Interesting new patients too:
1. 15 month old with ataxia (dizzy, drunken sailor walk), likely cerebellar (brain balance/coordination center) post infection inflammation
2. One month old Acute life threatening event (not so different, turned out to be reflux, but I got to spend a lot of time with the parents and do some teaching that I think will really change the next five months for them
3. Three month old with likely pertussis (get your kids vaccinated...it's out there and can cause really horrible pneumonia)
4. 2.5 year old with orbital cellulitis

And, you'll notice, only four (I cap at six), which is nice.

And I got to sleep for four uninterruted hours...practically unheard of.

So I got to run some errands after I left (finally got out on time at noon) and then took a nap then went for a run along the beach and watched the sunset while I did situps. Everyone gathers at sunset and watches it go all the way down then meanders off when it sinks below the horizon.

Tuesday, August 08, 2006

Trust and Thunderstorms

The little girl and little boy were both far away from home. They met one day on the beach under the sun in this land that was familiar to him, but completely new to her. He showed her the best waves and how to chase the birds. They laughed together one day they outran a thunderstorm chasing after them. He took her by the hand and told her to "Hurry!" She could tell then that he didn't want anything to hurt her. He didn't want anything bad to happen to her.

While they spend the next years playing together in the sand, they began to build a sandcastle together. They put up steeples and moats and flags and small rocks for paths. Spending more time together, the castle got more and more elaborate, and stronger and stronger. It was becoming something really special. And people were starting to take notice.

But after a while the little boy seemed to not be as intersted in their sand castle. He met other little boys and they ran around the beach together, throwing rocks and causing trouble. Often they would run so far down the beach that she couldn't see him anymore.

The waves were always there. Their castle was close to the where they would come up when the tide was in. When they had both been tending the castle, it was easy to keep up with the waves destruction. They would take it as a challenge to build something bigger and better where the waves had knocked that part down.

But now that she was often alone at the castle, it was more difficult. Perhaps if she'd given it all of her time, she might have been able to keep up. But it just wasn't as fun without him. And she would spend those hours wondering where he'd gone to this time as the waves lapped at the foundations of their castle.

He started to be gone more and more. And she neglected the castle more and more. Now it was not only torn down by the salty waves, but also by the salty tears she cried when he left her there alone.

One days she went for a walk down the beach, leaving the castle for a while. She found friends of her own who made her feel a little happier. But she missed him. And went back to the castle to look for him again.

When it came into view, she could see him there. But he wasn't alone. And he wasn't with the other little boys. He was with a little dark haired girl. And as she saw them together, they kicked the castle down, laughing. They rolled in the sand that had been their castle. They kicked down the little flags they'd found together. They scattered the rocks. They coaxed the waves to come closer and play with their hands as they slapped at the sides of the castle. It took them only minutes to destroy what they had taken years to build together.

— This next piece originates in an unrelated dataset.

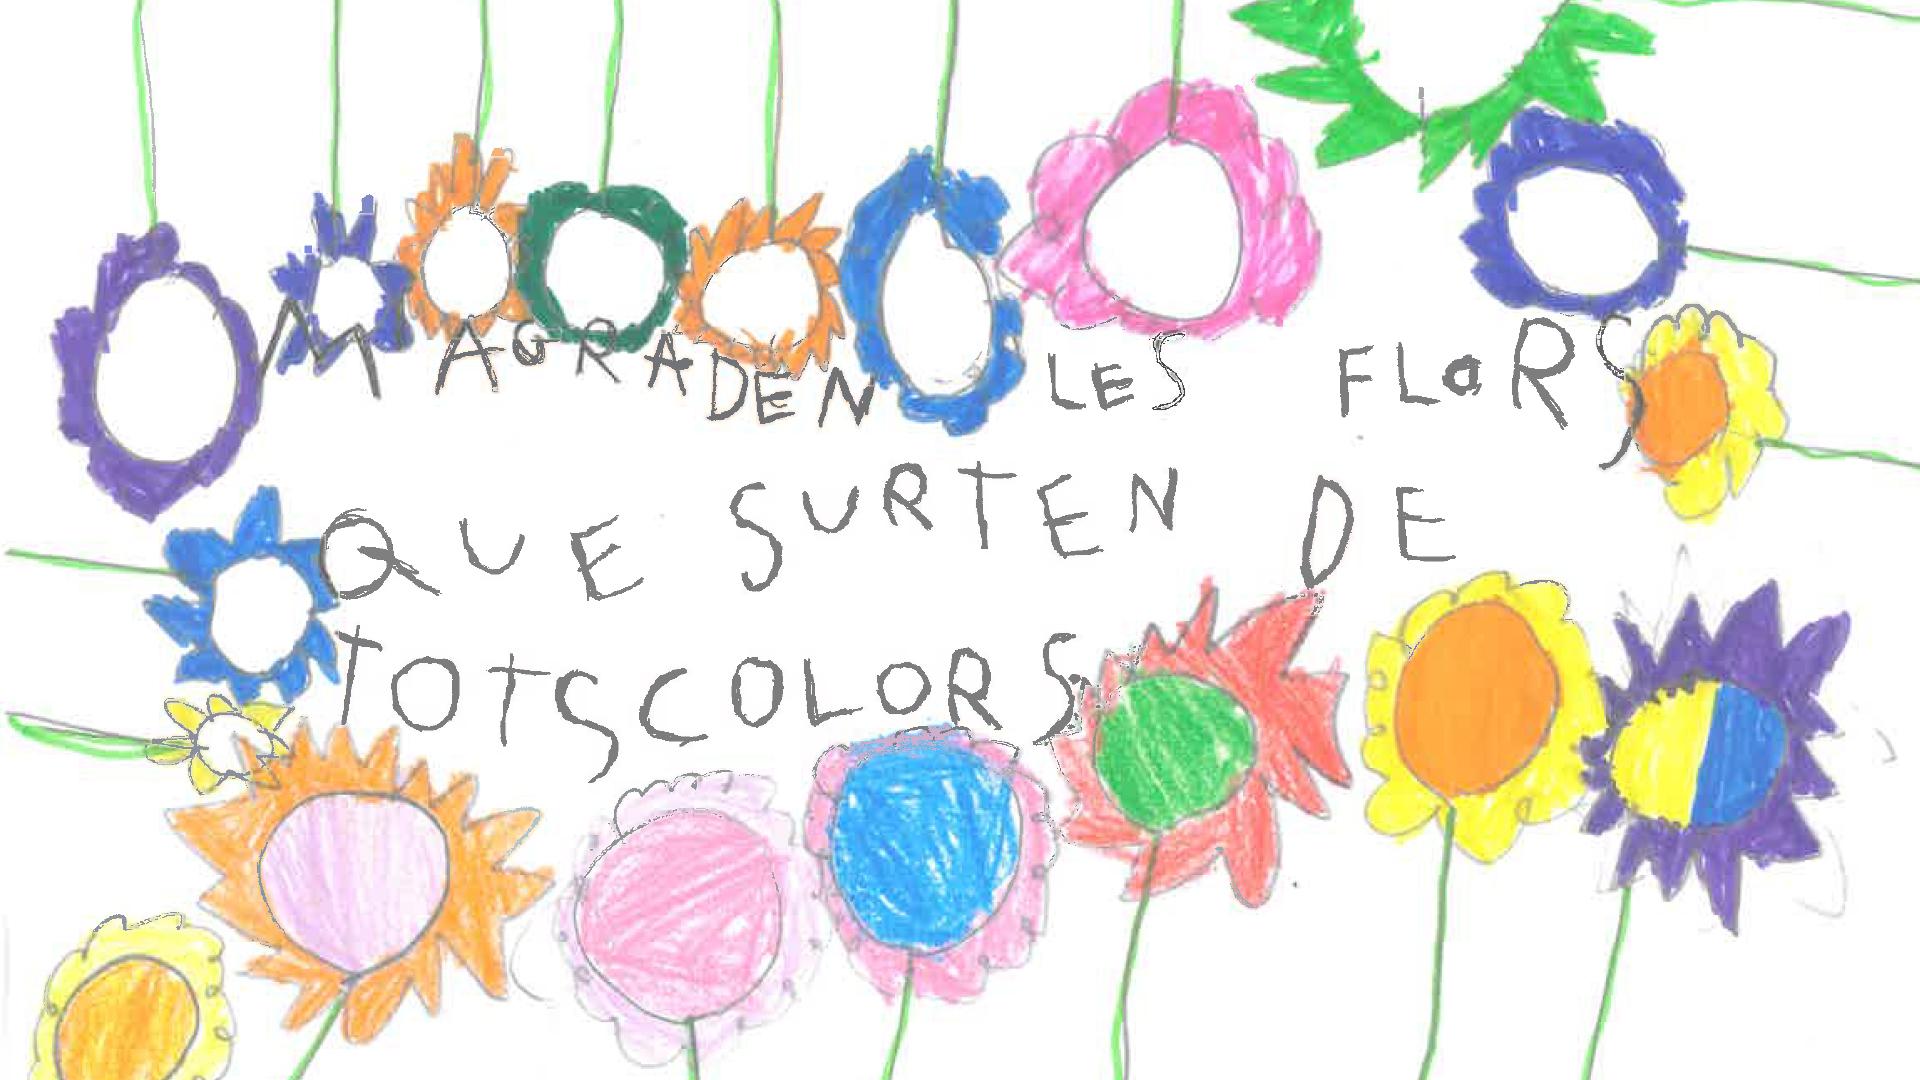 Guanyadores i guanyadors de la 34a edició dels Jocs Florals Escolars
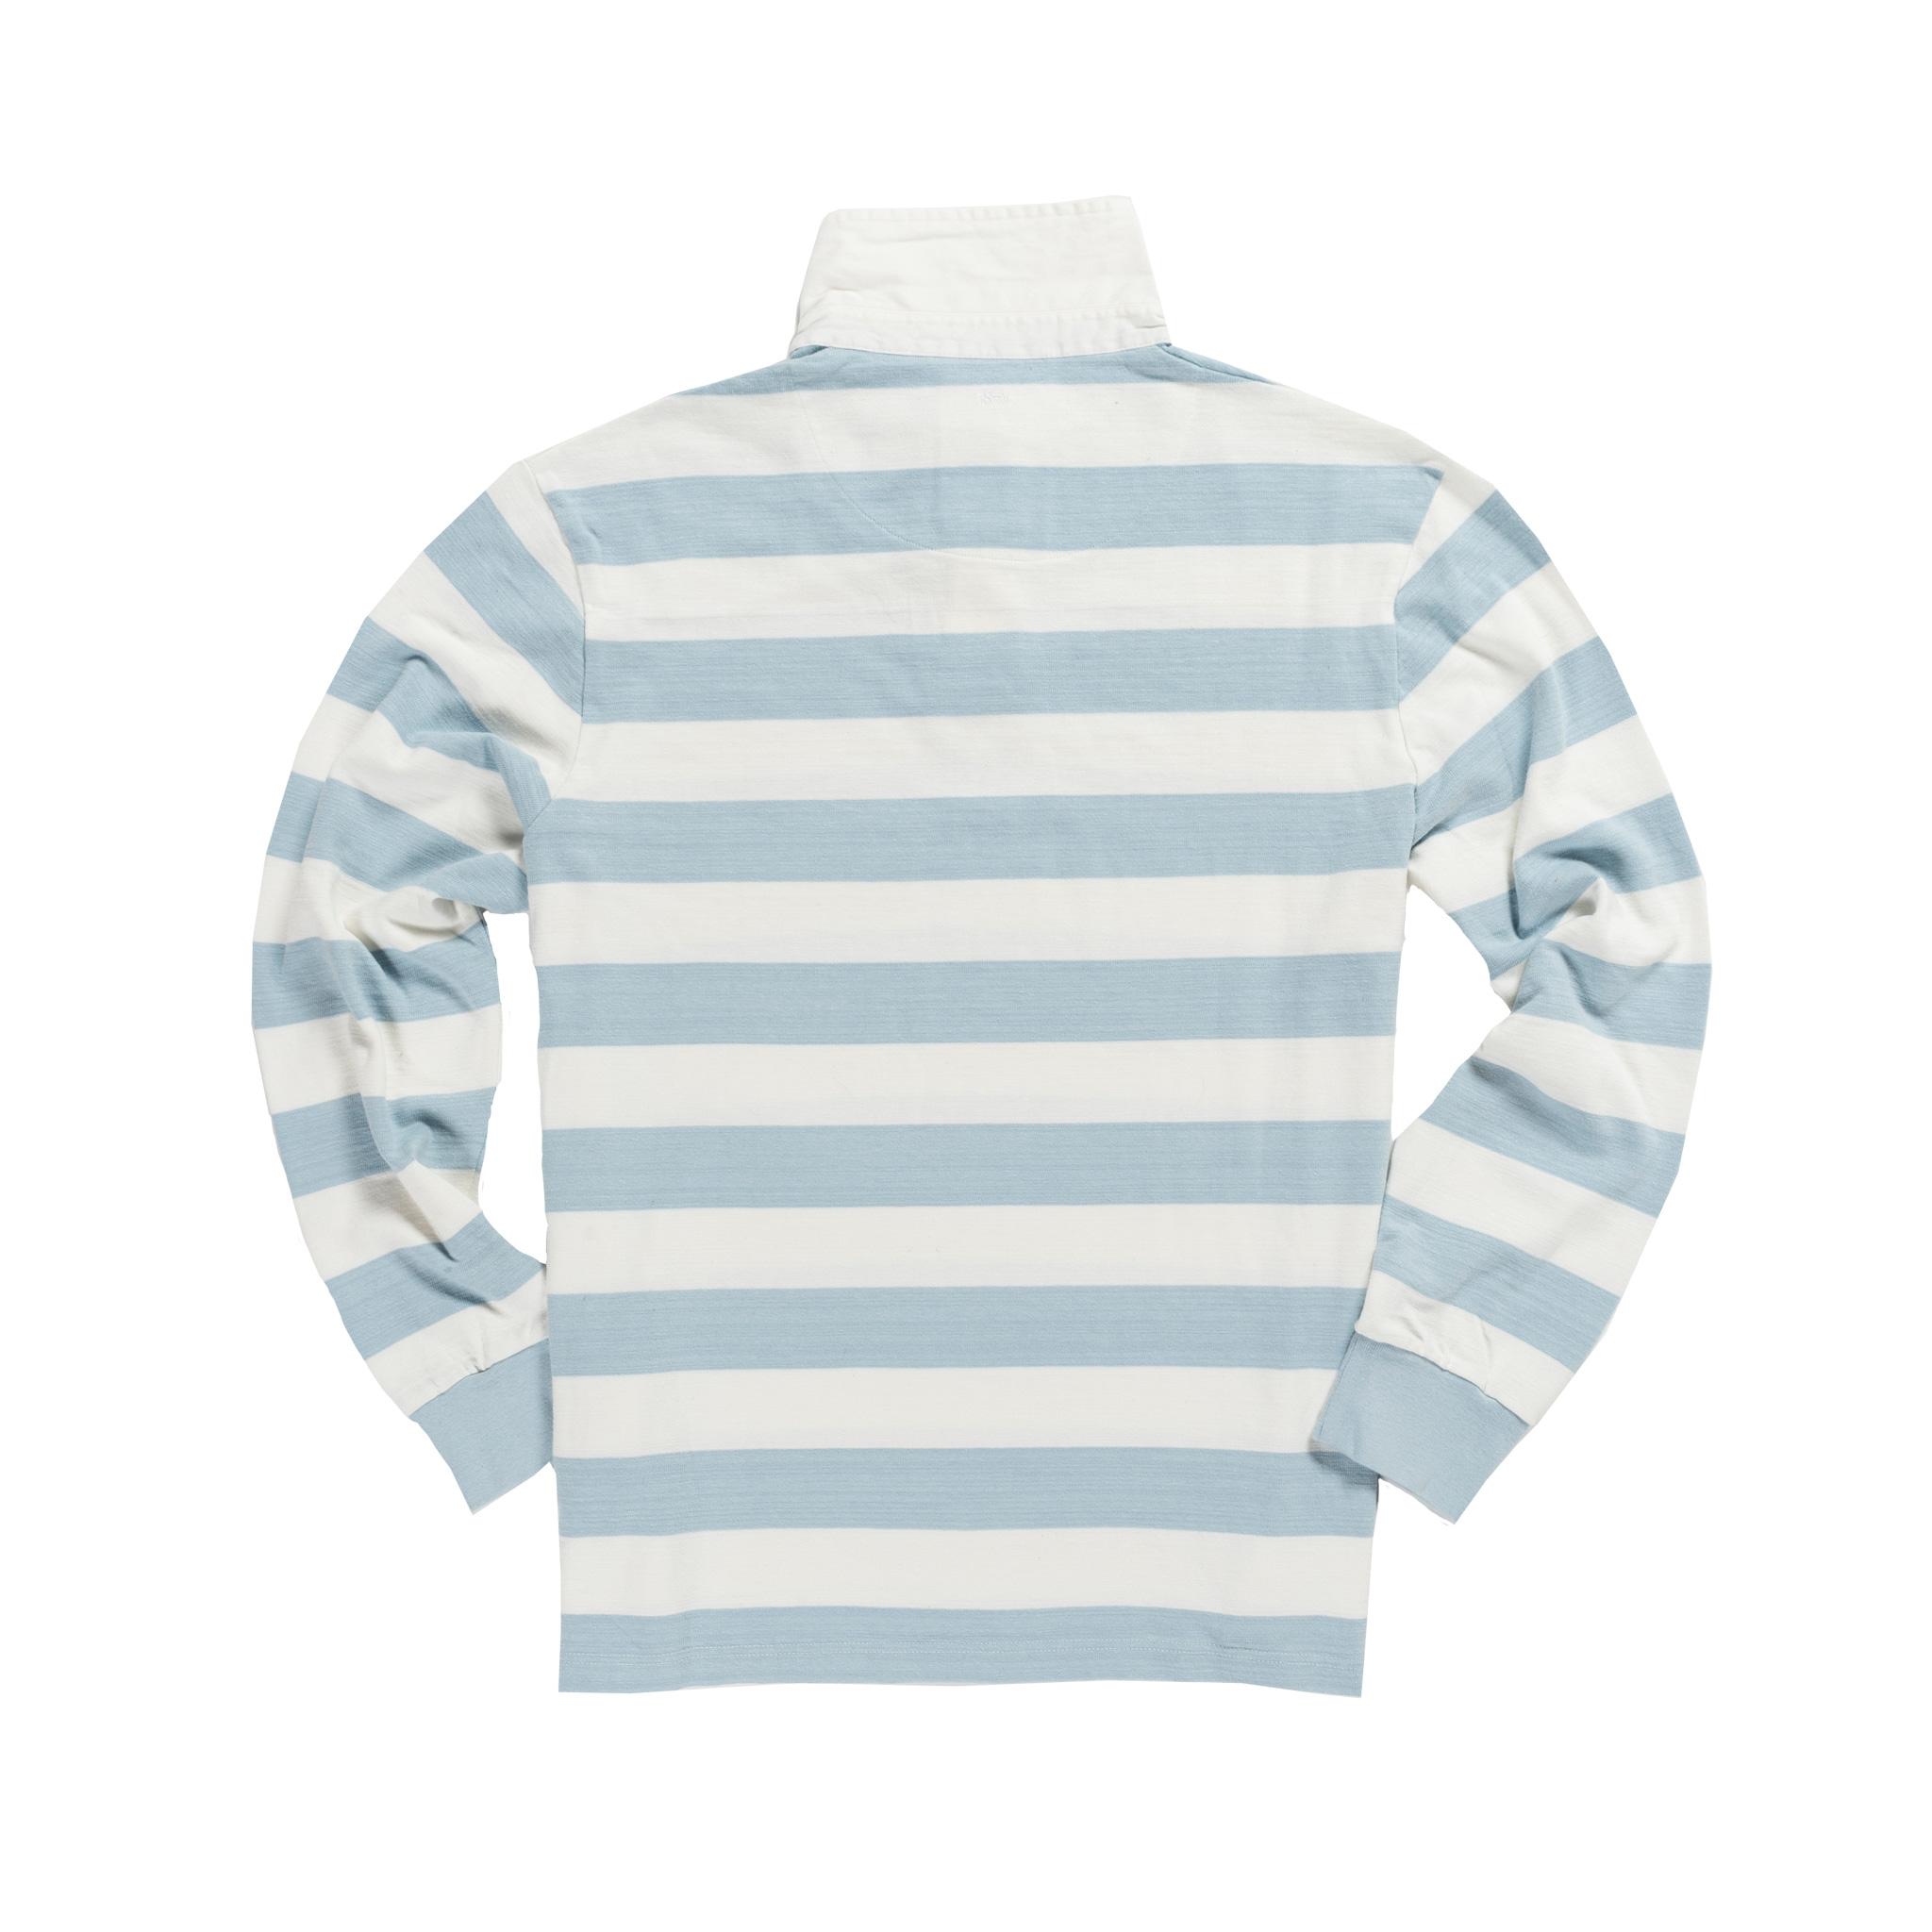 Argentina 1910 Vintage Rugby Shirt

The little girl just watched. Her heart was breaking. It was all she could do to function. It was all she could do to sit just out of reach of the waves to keep them from taking her away, too. She sat there for a very long time, long after they'd run off together down the beach. He didn't even look back at her when they left. As they were leaving, he saw him comforting her as she cried about something. He saw him helping her move her beach towel to a new place. He saw her spending nights and days talking to her. He saw him invite her to where their castle had been. She tried not to look but it was as if she needed to see, despite the crumbling she continued to feel inside.

When she ran into him on the beach, even if he was alone, it was all she could do to not cry. Sometimes they'd start to rebuild a pile of sand together, with vauge dreams of another castle, maybe even stronger and better this time. But when she'd go away for a while, she'd come back to find his footprints there, and they were not alone, and the castles were all kicked over again.

She got tired of rebuilding them. She told him to stop trying if he was just going to kick it over again.

He seemed to want to keep trying, and they started again. This time the castle got to the largest it had been since he had destroyed it with his other girlfriend. They were spending more time together. By this time they'd moved far apart and it was harder to find time to build their castle together. But they were working at it. She was struggling more than she'd expected. After seeing her work and effort destroyed so many times, it was hard to even put in the time it took to build it up one more time. But she struggled to do it. She struggled to build the castle and she struggled to forgive him for destroying it so many times.

She was still struggling a lot when she found him one day causually walking down the beach with the dark haired girl. She saw them headed for their castle, already a shadow of what it had once been. But he didn't see it. He was too busy laughing with the dark haired girl. It wasn't often that he laughed like that with her anymore.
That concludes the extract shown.